Implementation:NVIDIA TransformerEngine Ops Linear
| Field | Value |
|---|---|
| Sources | TransformerEngine |
| Domains | Deep_Learning, PyTorch, Distributed |
| Last Updated | 2026-02-07 14:00 GMT |
Overview
Drop-in replacement for torch.nn.Linear implemented as a FusedOperation with support for tensor parallelism, sequence parallelism, and Megatron-LM wgrad fusion.
Description
Linear is a FusedOperation that composes BasicLinear, Bias, AllReduce/ReduceScatter, and AllGather operations as needed based on the tensor parallel configuration. For row tensor parallelism, it arranges: GEMM + bias + reduction. For column or no tensor parallelism, it arranges: (gather +) GEMM + bias. The class registers weight and bias parameters directly for compatibility with standard PyTorch APIs, while delegating to the basic operations for computation.
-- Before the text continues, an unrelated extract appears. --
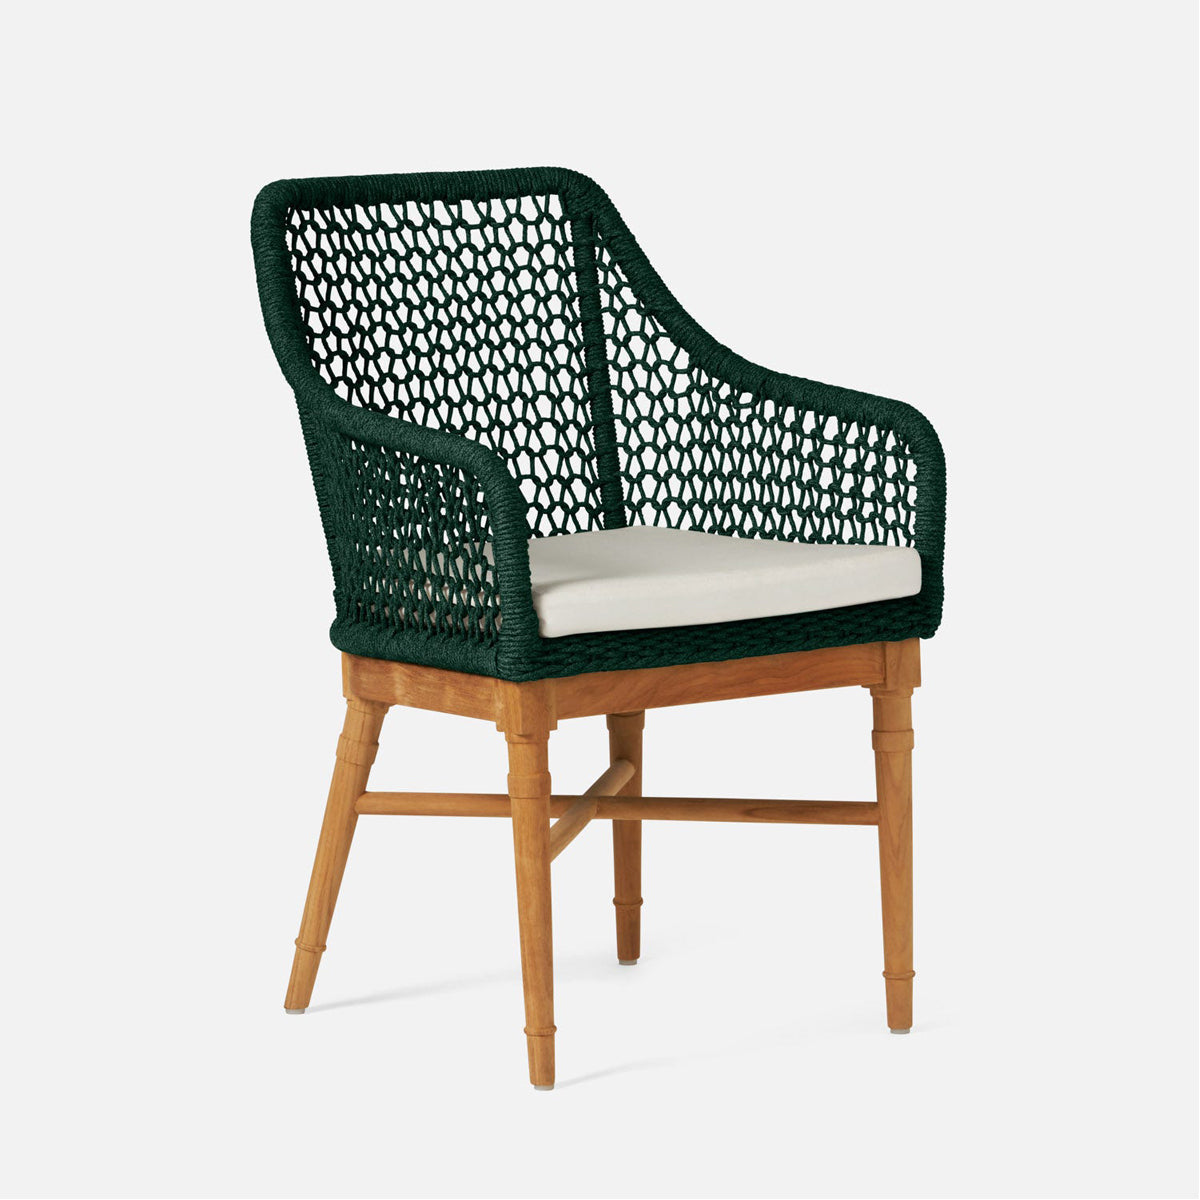 Made Goods Chadwick Woven Rope Outdoor Arm Chair in Danube Fabric

Custom state_dict/_load_from_state_dict methods ensure backward-compatible checkpointing.
Usage
Use as a drop-in replacement for torch.nn.Linear with optional tensor parallelism and FP8 quantization support.
Code Reference
Source Location
- Repository
NVIDIA/TransformerEngine- File
transformer_engine/pytorch/ops/linear.py- Lines
- 1--211
Signature
class Linear(FusedOperation):
def __init__(self, in_features, out_features, *, bias=True, device=None, dtype=None, tensor_parallel_mode=None, tensor_parallel_group=None, sequence_parallel=False, rng_state_tracker_function=None, accumulate_into_main_grad=False) -> None: ...
def register_parameter(self, name, param) -> None: ...
def state_dict(self, *, prefix="", **kwargs) -> dict: ...
Import
from transformer_engine.pytorch.ops.linear import Linear
I/O Contract
Inputs
| Name | Type | Required | Description |
|---|---|---|---|
| in_features | int | Yes | Inner dimension of input tensor |
| out_features | int | Yes | Inner dimension of output tensor |
| bias | bool | No | Apply additive bias (default True) |
| tensor_parallel_mode | str or None | No | None, "column", or "row"
|
| sequence_parallel | bool | No | Distribute along sequence dimension |
Outputs
| Name | Type | Description |
|---|---|---|
| output | torch.Tensor | y = x A^T + b
|
Usage Examples
from transformer_engine.pytorch.ops.linear import Linear
linear = Linear(4096, 4096, bias=True, tensor_parallel_mode="column", tensor_parallel_group=tp_group)
output = linear(input_tensor)